Saturday, August 22, 2009

Another Epiphany

The grandkids are up for the week. Yesterday, we took them to New Jersey’s Point Pleasant Beach; a lengthy boardwalk lined with greasy eateries, souvenir shops and numerous games of chance involving water guns and spinning wheels in booths walled with stuffed animals that reek of Third World sweatshops.

It was hot, miserably and wretchedly hot. The sun bore down from a cloudless sky. Because of the currents and rip tides created by Hurricane Bill’s passage off the coast, the red flags were out, which meant no swimming.

We stopped for lunch in a restaurant overlooking the beach. Point Pleasant is a beach where, for seven dollars, an adult can rent a small rectangle of space on a public beach (children five to twelve, two-fifty, under five free because they take up less space).

As I sat munching on my ten-dollar cheeseburger, looking at the greased bodies baking in the sun, I remembered my first “beach epiphany.” It was many years ago when I thought going to the beach was cool because that’s what the TV commercials told me. I was lying on a damp towel beneath an unforgiving sun, slick with oil and sand grinding in my crotch.

As I lay there in my misery, I suddenly remembered that 150 years ago the Apaches staked their prisoners out on the hot sand beneath a blazing sun, and here I was voluntarily doing what the Apaches forced their prisoners to do. I figured, screw the commercials and went home. I’ve never been back.

Looking out over Point Pleasant beach and watching slick bodies roasting in the noon day sun and mothers struggling with strollers heavy with beach towels, inflatable toys, diaper bags, beach chairs and beach umbrellas, I had my second epiphany.

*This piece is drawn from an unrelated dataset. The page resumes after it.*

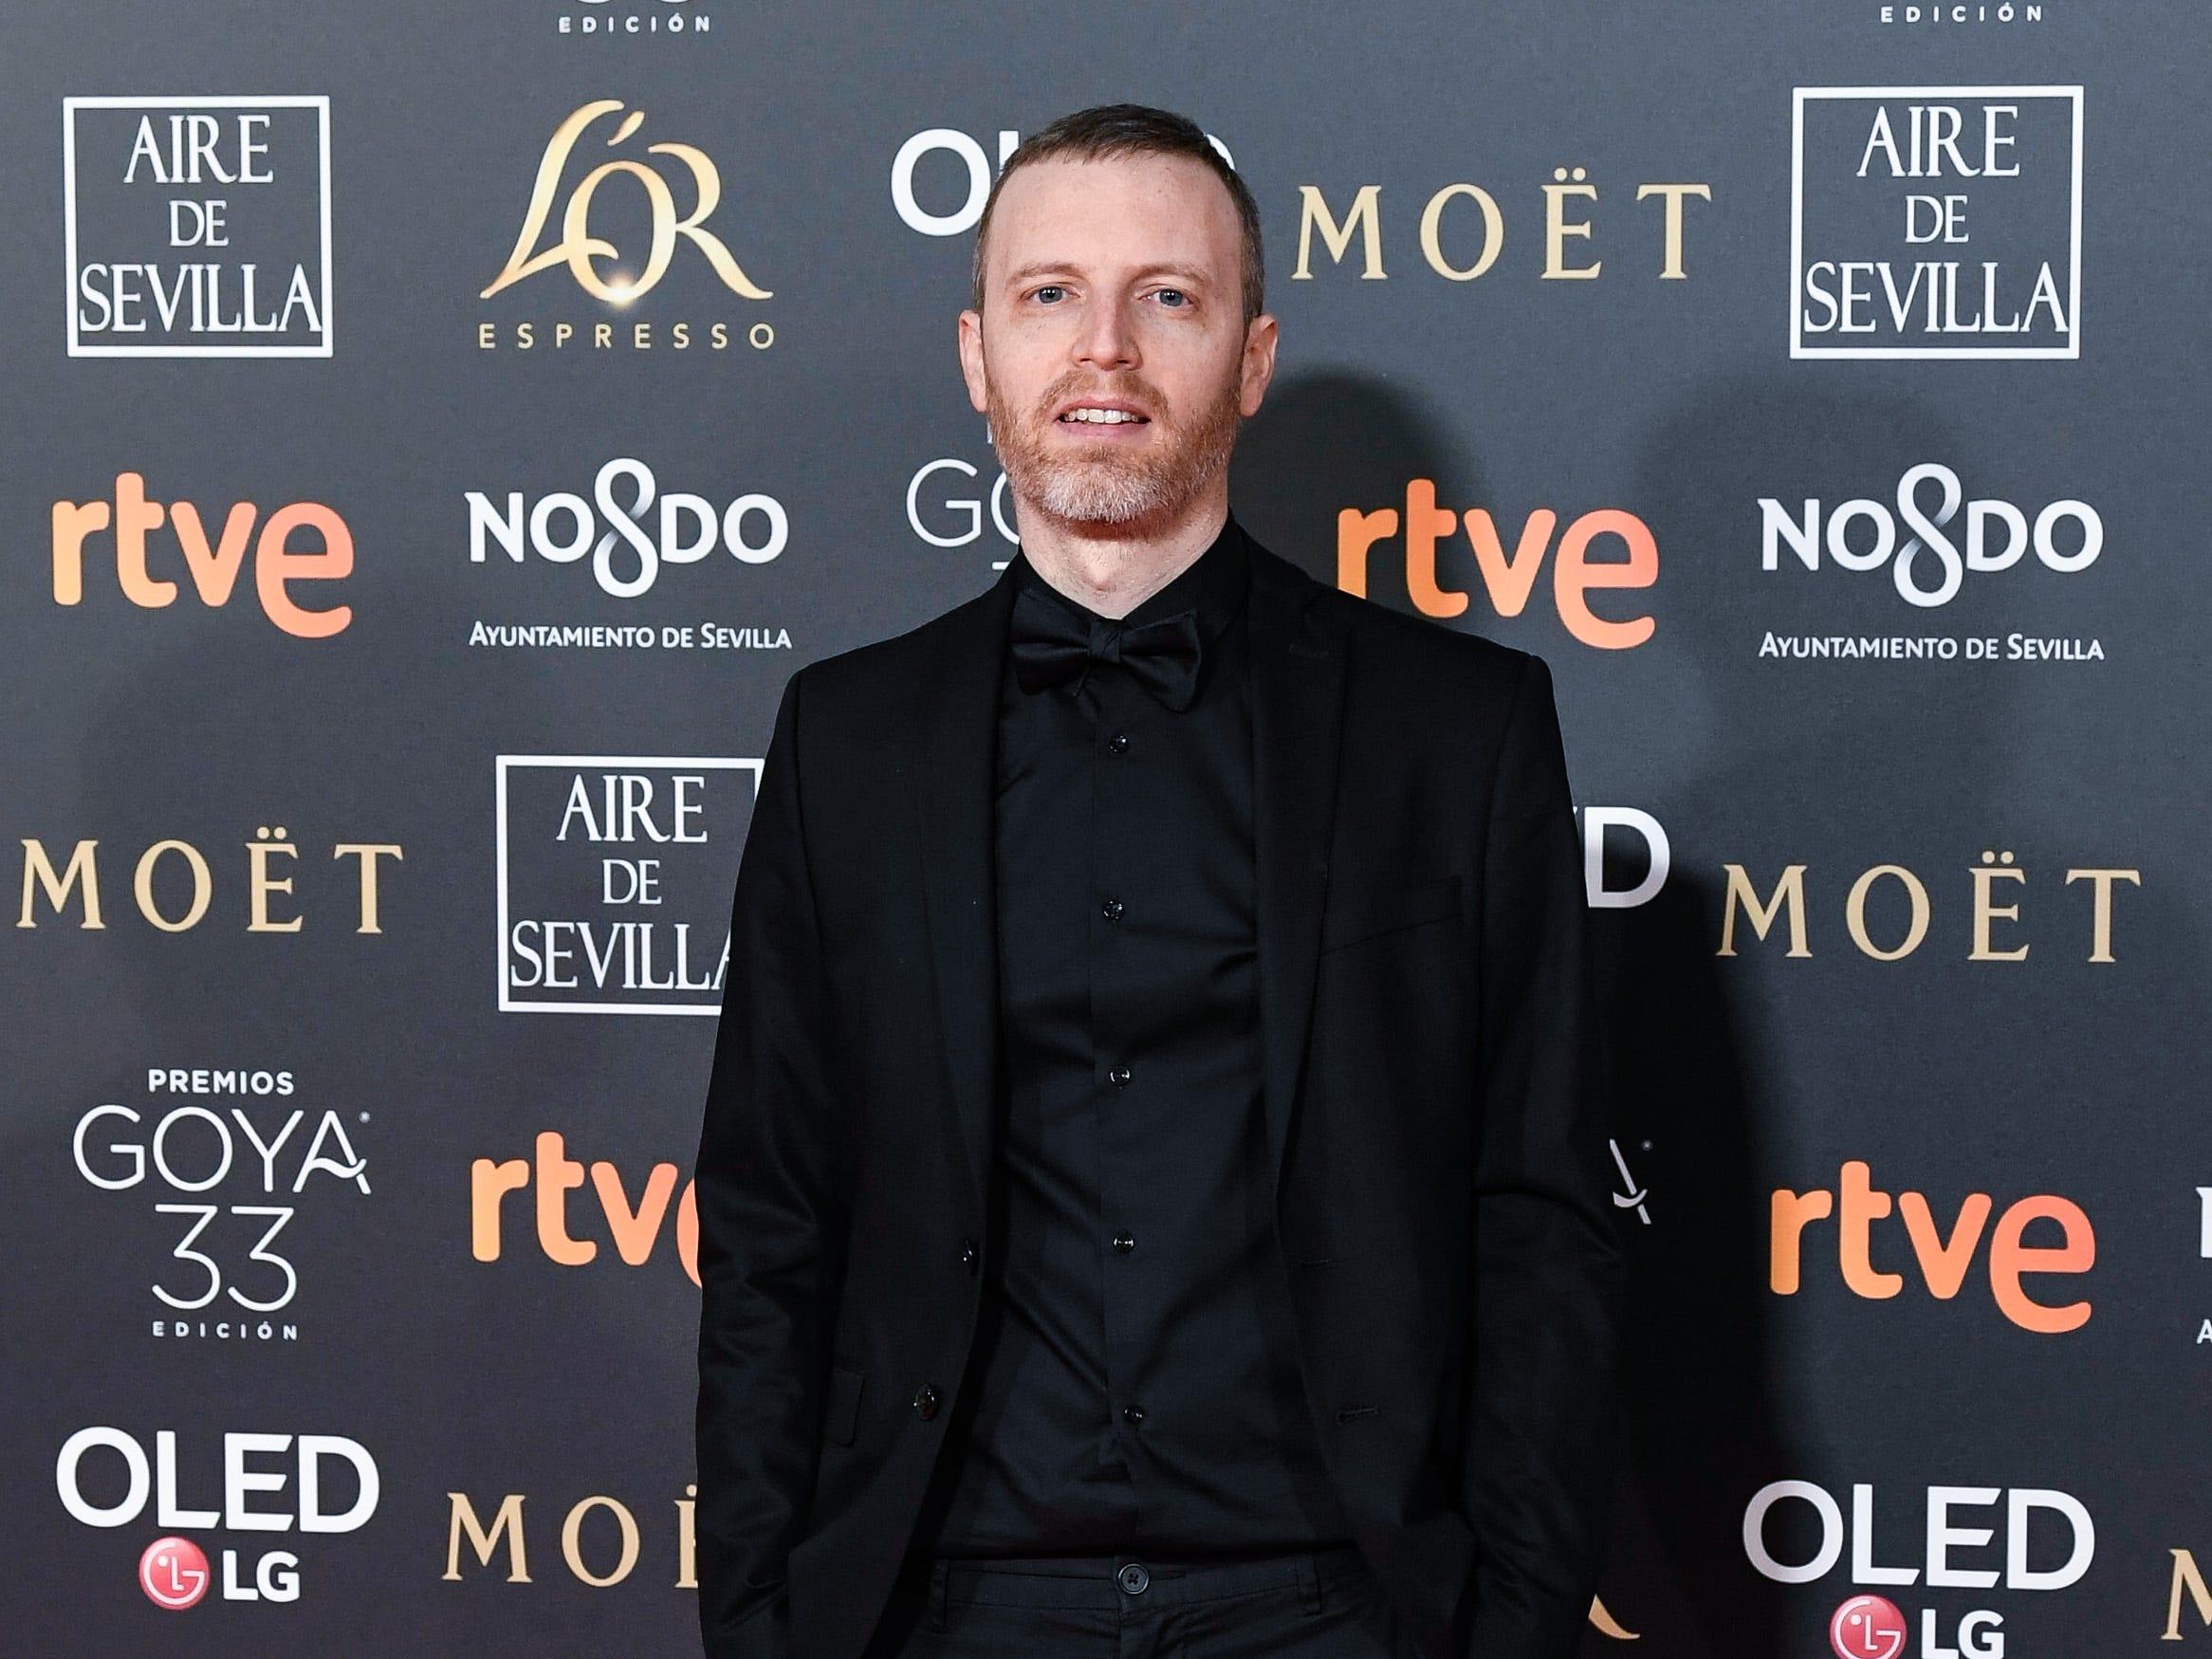 Olivier Arson asiste a la 33ª edición de los Premios de Cine Goya en el Palacio de Congresos y Exposiciones FIBES el 2 de febrero de 2019 en Sevilla, España.

Hell isn’t a pit of fire and brimstone; hell is a beach where sinners are forced to sun bathe 24/7, without sun block and with flapping red flags standing between them and the refreshing coolness of waves breaking on the beach.

2 comments:

Cirze said...

You gotta visit some SC beaches.

Yes, and you have to ignore the politics of the rubes sometimes, but it's still beautiful in many places, largely untrod, and the sun never feels unfriendly.

But I'm prolly remembering back to my teenage years when it seemed like paradise. So, shoot me now.

Hope the grandkids enjoyed the visit with the grand parents.

S

Case Wagenvoord said...

Thank you for the invitation, and your beaches do sound tempting. But, unfortunately, my hobby is raising carcinomas, so I have to limit my exposure to the sun.

The grandkids go home today, and it was great having them, but now I know why child rearing is for the young.